The best part: he's just getting started. Even after missing nearly all of last season, Posey is still only 25 and should just be getting to his peak. It's scary to think where Posey's young career will take him as he's already established himself as one of the best catchers and players in the game.
While Pablo Sandoval might technically be back, he's still starting a long recovery that should be familiar to Giants fans from the previous season. Rest assured, this is not the Kung Fu Panda who we are used to seeing, but that guy should be coming back soon as his hand continues to heal.
Last season it wasn't until July that the real Sandoval returned as his .269/.286/.373 in June was a far cry from his robust .320/.363/.563 line that followed in July. Expect something similar as Pablo has proved time and time again that despite his unorthodox approach, he should not be underestimated.
As much as I've showered the proceeding three hitters with praise and tossed words like "best" and "MVP", from any sort of statistical standpoint, those two words should be reserved for Sandoval. Since Bonds departure, Sandoval has been far and away the Giants' best hitter and position player as a whole.
Although Posey might be more talented, Sandoval has undeniably been the best and I fully expect him to reassert himself in the No. 3 or No. 4 spot of the lineup by the end of the year. Still until he fully recovers, the fifth spot is where he belongs.
Like the rest of the new outfield, Pagan has overall exceeded expectations with a solid line of .300/.344/.430 with five jacks and 12 stolen bases. He and the other outfielders provided the extra thump in the lineup during Sandoval's absence, creating many rallies well past the middle of the batting order.
Still, as of late, Pagan has not been good at all, hitting a pitiful .179/.256/.179 in his last 14 games. Combined with the fact that he's been especially bad with runners in scoring position, hitting a lackluster 89 wRC+ over the season, it's clear that Pagan's time in the five spot is done.
Still, with Pagan's impressive speed and contact abilities, he could very well settle in the No. 1 or No. 2 spots depending on how the rest of the team plays. Pagan could make a great leadoff hitter if Blanco continues to struggle, hit second between Blanco and Cabrera if Sandoval continues to struggle. But until Pagan starts hitting again, he should sink a little lower in the batting order where he can figure things out in a less pressured spot.
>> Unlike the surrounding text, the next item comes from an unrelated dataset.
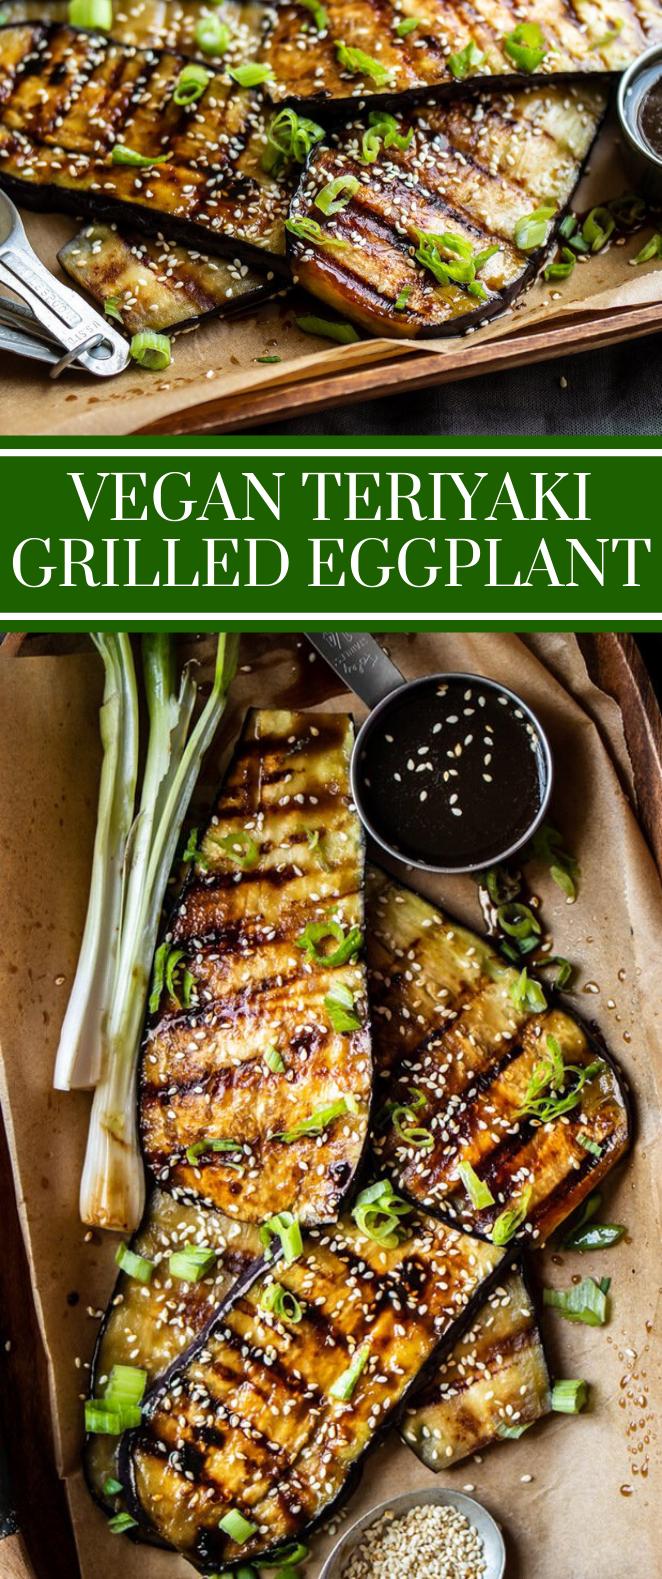 Vegan Teriyaki Grilled Eggplant #vegandinner #vegetarian #vegetariangrilling Veg - Nicole&DinnerRecipesCrockpot

This is where things start to turn ugly fast. Although Theriot has been far from a good player this year, there really aren't any in-house alternatives to man second base. Perhaps a trade or even some dumpster diving (waiver wires can relieve us), but until that happens, The Riot is unfortunately the best we got.
Despite consistently hitting line drives, Theriot does not offer much at the plate besides singles and the occasional double as his paltry .264/.304/.308 line shows. On top of the questionable hitting, he's a pretty lousy fielder,
But in all of this Theriot bashing, I forgot to mention the highly important silver lining that sums up Theriot's value to this team: he's not Manny Burriss. Seriously, he's not Burriss and for that Giants fans should be grateful.
For someone who loves platoons as much as Bruce Bochy, the fact that he isn't platooning Crawford and Arias is pretty befuddling. For the record, both are pretty bad hitters who provide most of their value with defense, more so with everyday starter Crawford who stays in the lineup solely because of his dazzling defense.
Still, there's no reason not to give Arias the start when a lefty is on the mound, as he currently boasts a 106 wRC+ against lefties while Crawford has an embarrassing 33 wRC+ against southpaws. Similarly, Crawford has a much more acceptable wRC+ of 73 against righties while Arias has posted a mere 39 wRC+.
This should become a consistent platoon to mitigate the offensively challenged portions of the batting order and maybe even get some production out of the No. 8 spot, which would just be gravy for such a middle-heavy lineup.